I had an old tub/shower and the walls were tiled, with plastic tiles.  There was one outside corner, and it had a special tile that went around that corner, and overlapped the other tiles by one inch (each side was one inch, and then a 90*)  The tiles were getting loose, the grout was extremley thin, the grout was cracked, and I had water leaking to the downstairs.

Now, I have saved the old tub to reuse, and I have gotten a tub surround from home depot.  I have torn out the old tiles, the plaster and such down to the 2x4's.  Basically, I have 2x4's and a tub.  I installed the new faucte for the tub this afternoon, and I have greenboard on the one wall, and more waiting for the other 2 walls.  I am only redoing the actual tub area, the rest of the bathroom is good shape, and I am not going to mess with it. 

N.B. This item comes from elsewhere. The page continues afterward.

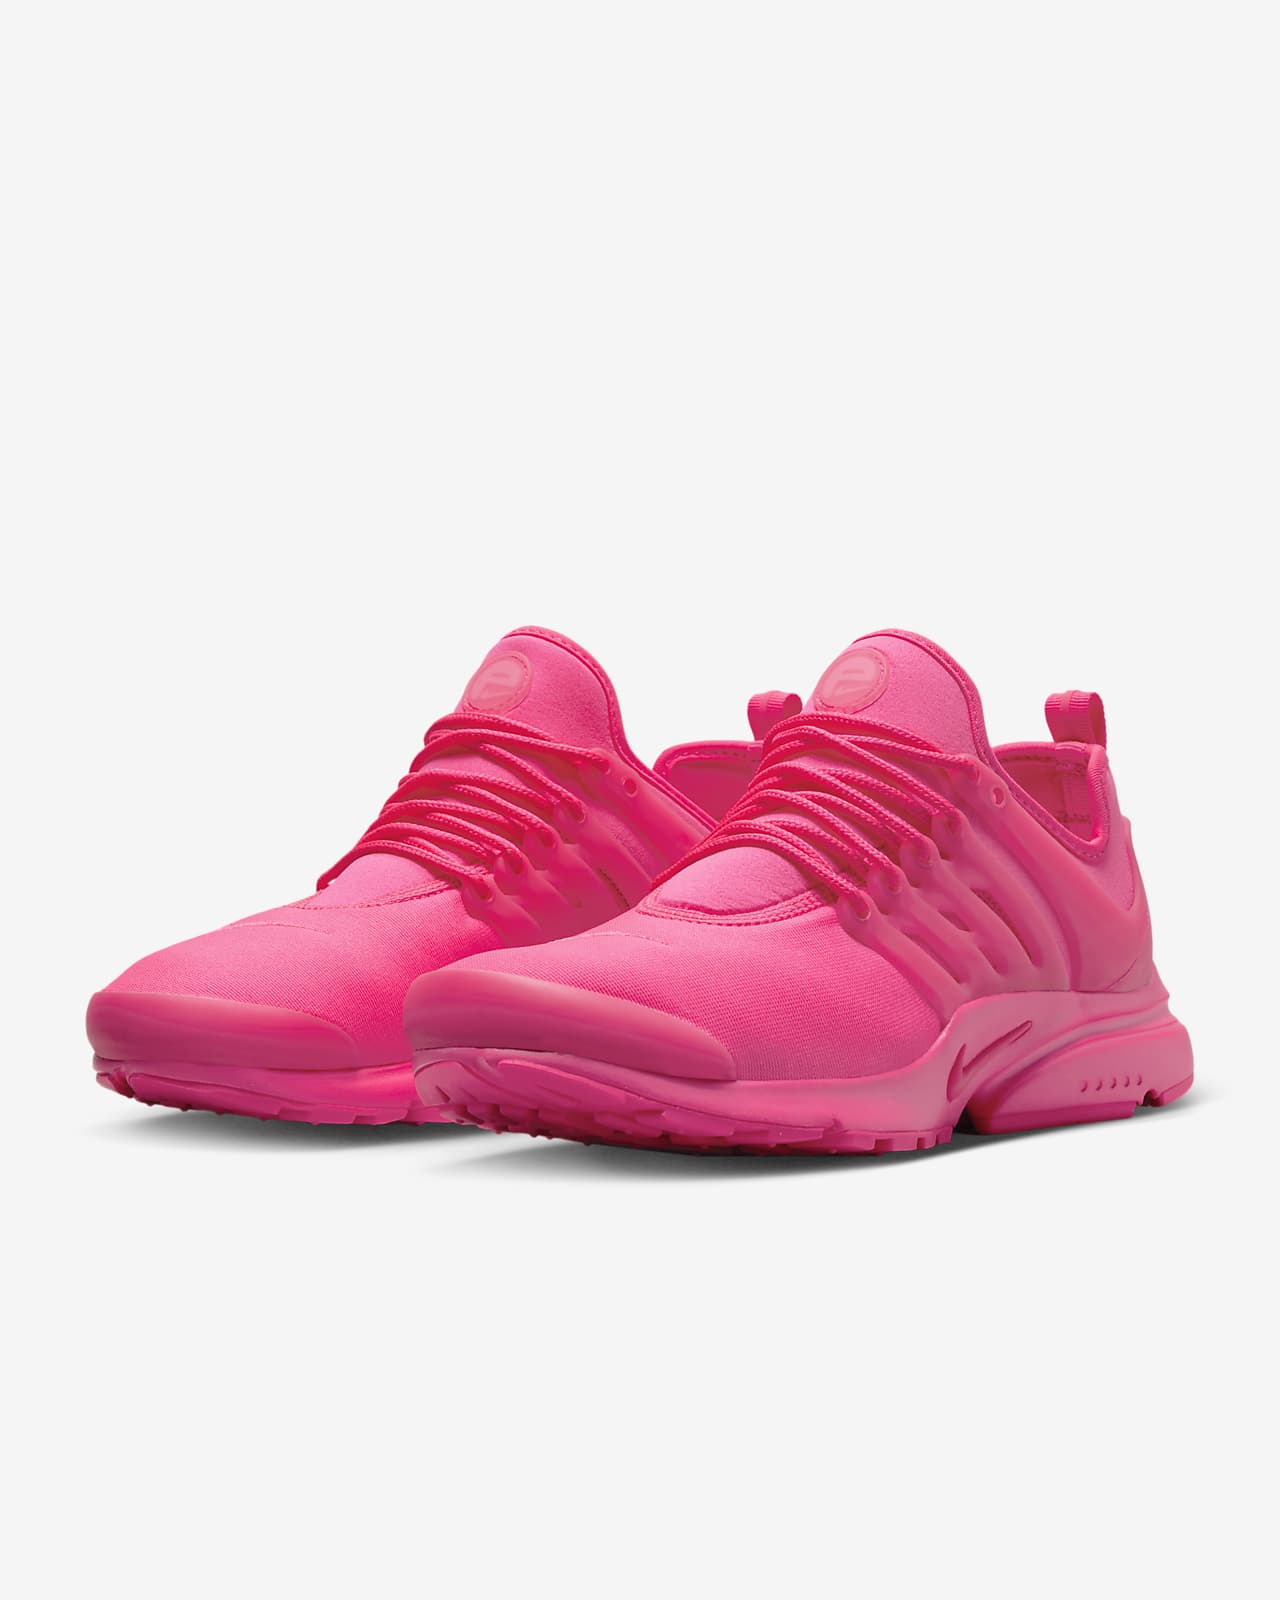 nike presto pink and blue

My problem is this - how do I transition from the drywall that I will install to the existing tile?  I did a quick search and didn't come up with a tile that did the same job as the ones I had.  Maybe I did not know what to look for, but the 'bullnose' tile was the only one I could find for corners?  I'd be interested in something like a cornerbead for tile?

Rodney


----------



## Nestor_Kelebay (Jan 23, 2010)

Rodney:

     If you haven't already checked out Schluter's web site, then do that or phone any tile wholesaler and ask if you can snoop through their Schluter catalogue.  They may be reluctant to do that because the wholesaler will think you're wanting to cut out his retailers and buy directly from him, but assure him that that isn't your intent... you just want to get ideas on how to deal with your particular tiling problem.

Schluter Systems - Homepage - Schluter-Systems

The Schluter "Quadec" profile is a simple and basic edging strip that you can use around any ceramic wall tile, and can also be used right at a corner to have tiling on one wall but not the other:







The Schluter "Jolly" strip is very similar, but it's smaller so that it can be pressed into use around materials other than ceramic tiling.  (Your tub surround, for example)

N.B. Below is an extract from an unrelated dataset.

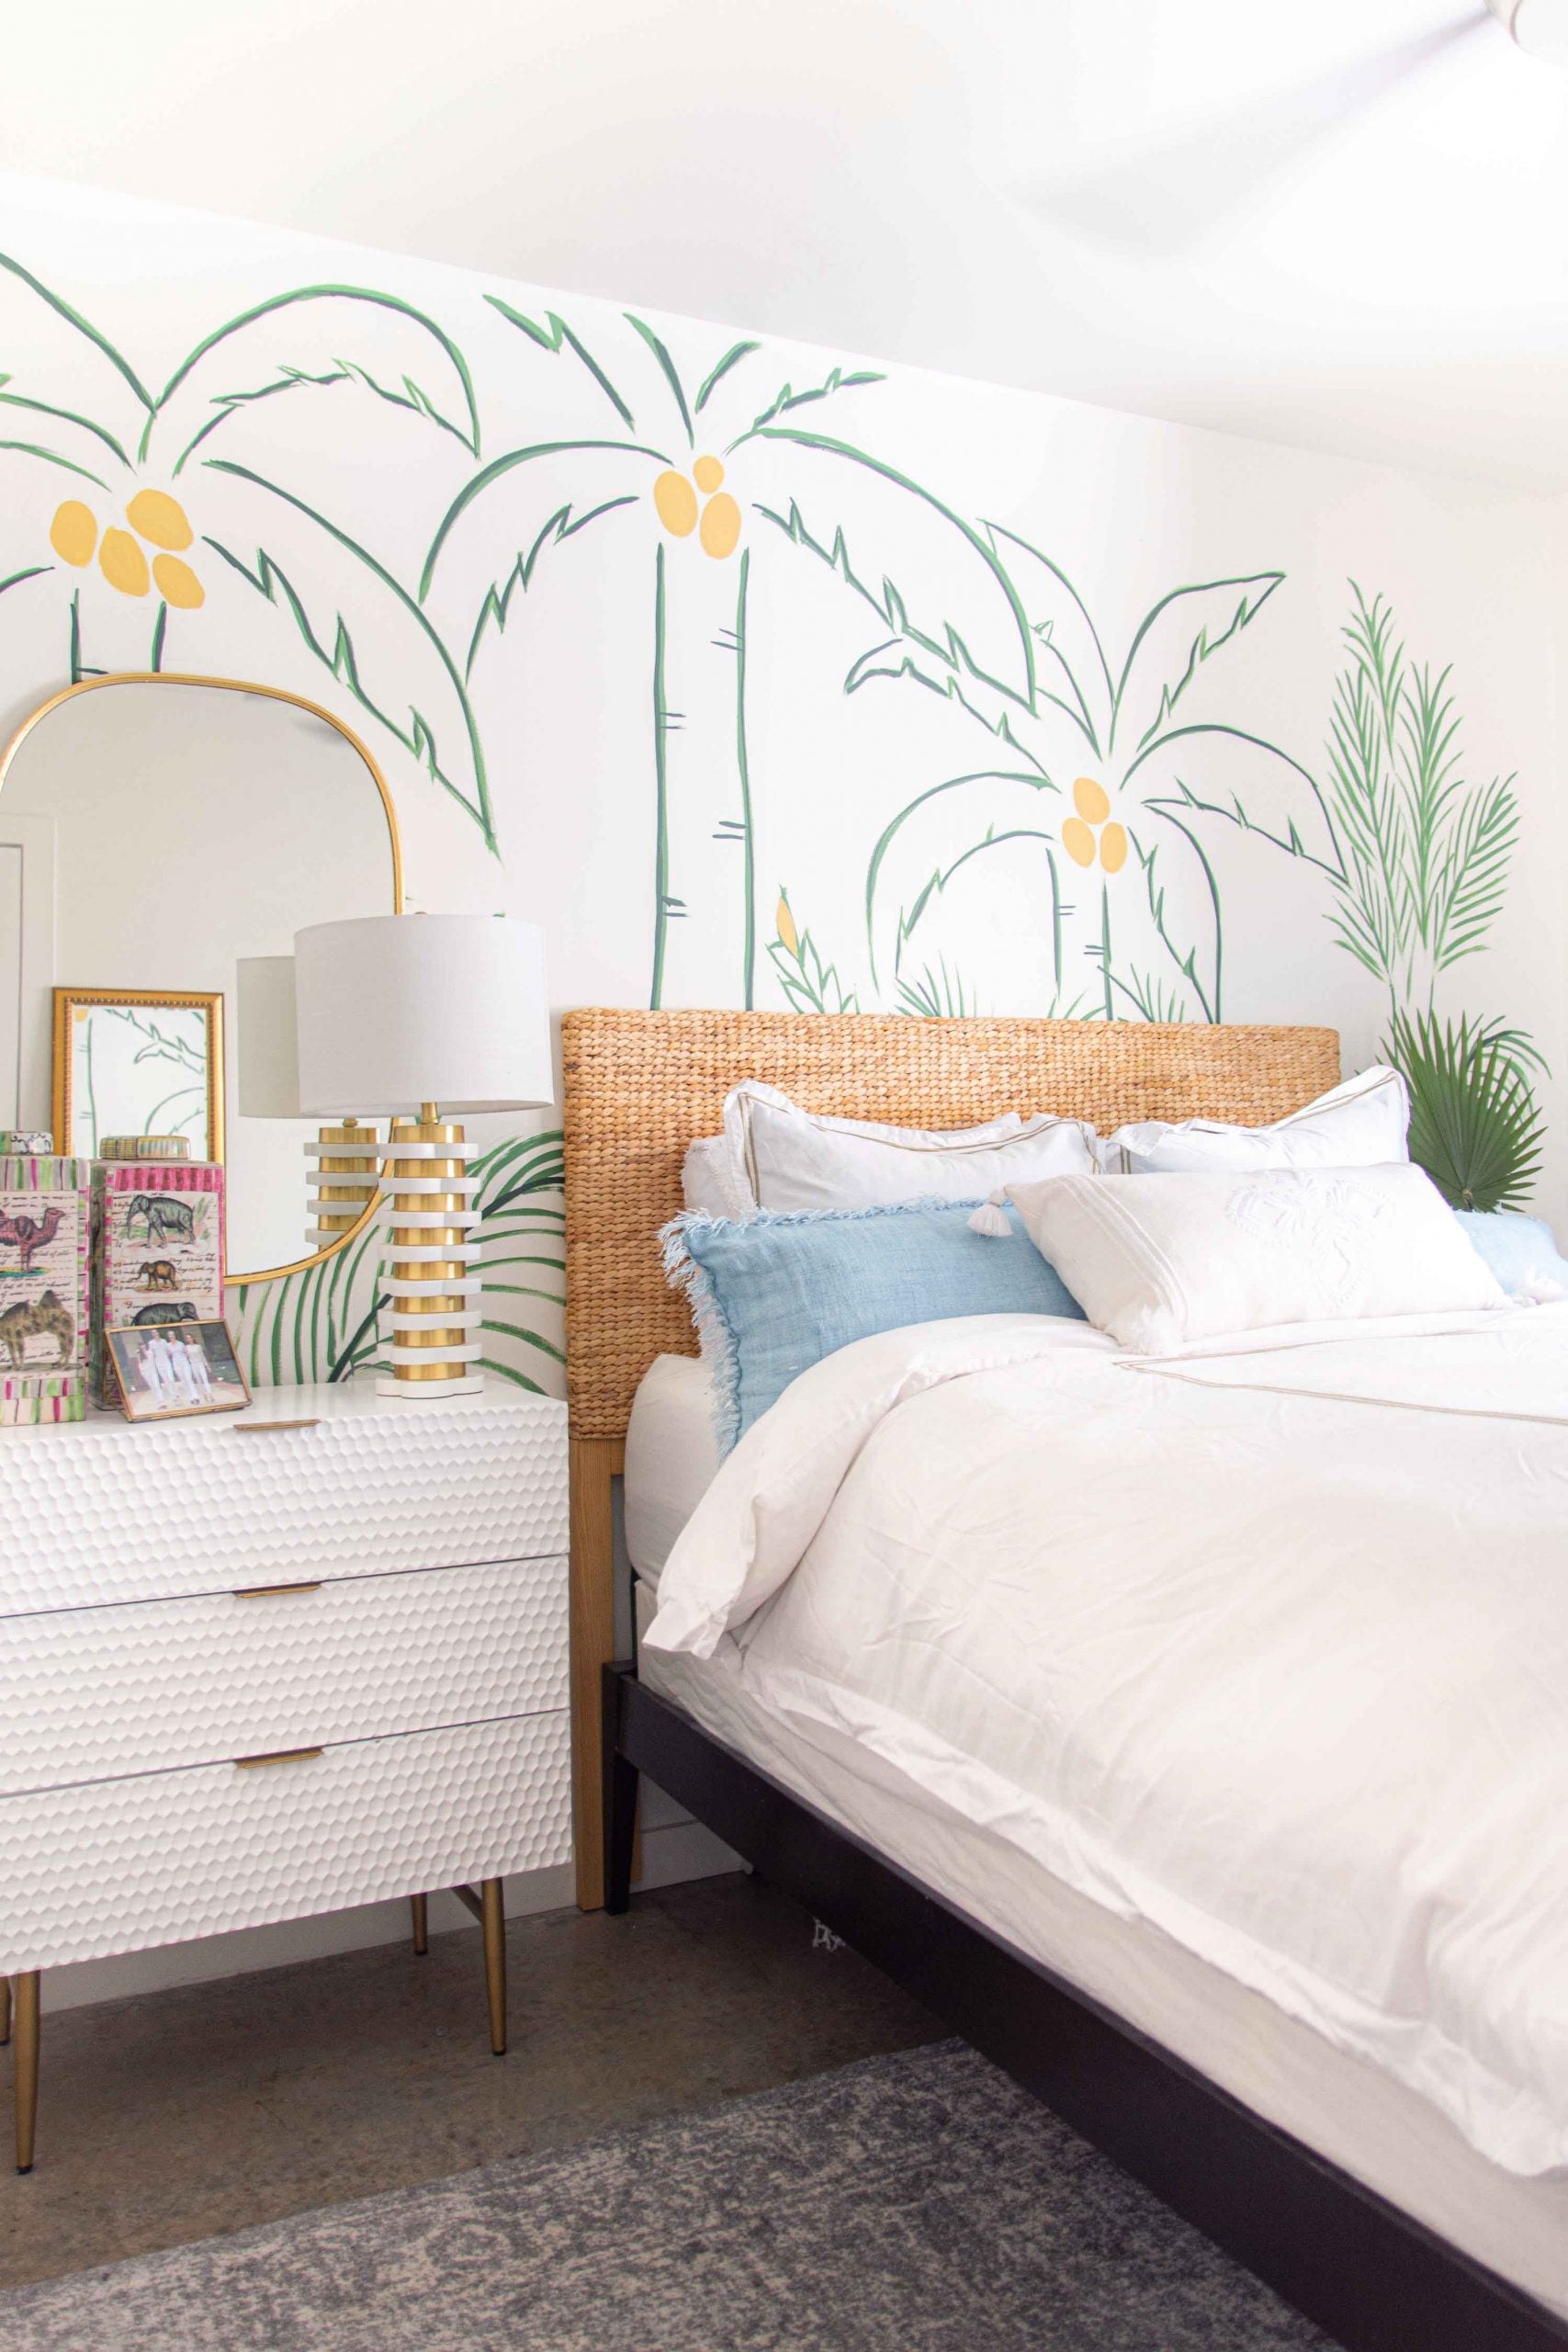 Hand-painted tropical wall mural with palm trees in green and white bedroom design by Kevin O'Gara on Thou Swell #wallmural #paintedmural #bedroomwall #bedroomdecor #bedroomdesign #tropicaldesign #tropicalwall #tropicalmural

The Schluter ECK-K profile is a basic stainless steel self adhesive corner that can be used anywhere, not necessarily with ceramic tiles.


----------



## Rodney R (Jan 24, 2010)

Thanks, I appreciate the post!  The ECK-K profile is the one that I need.  The demolished side (where the old tiles were ripped off the wall) is not 100% straight - some of the tiles have a nick out of them, so I need something that will cover the edge.  None of the imperfections are more than 1/4 inch.  That profile looks like it'll hide the edge on the drywall, and the edge on the tile.  Is there anything else like this that I should consider?

Rodney


----------



## Nestor_Kelebay (Jan 24, 2010)

Rodney R said:


> Is there anything else like this that I should consider? Rodney



Rodney:  I don't know very much about Schluter products.  I've done more than my fair share of wall tiling, but I never used any of Schluter's products in it.

It might be best just to take a picture of your corner down to any tiling wholesaler with a Schluter catalogue and see if he can suggest anything better.  I came up with those three possible solutions just looking at Schluter's web site.


----------



## frozenstar (Jan 24, 2010)

Very nice post Nestor!  

Well I also think that taking a picture is a good idea.


----------



## Nestor_Kelebay (Jan 25, 2010)

Thanks, Frozenstar.


----------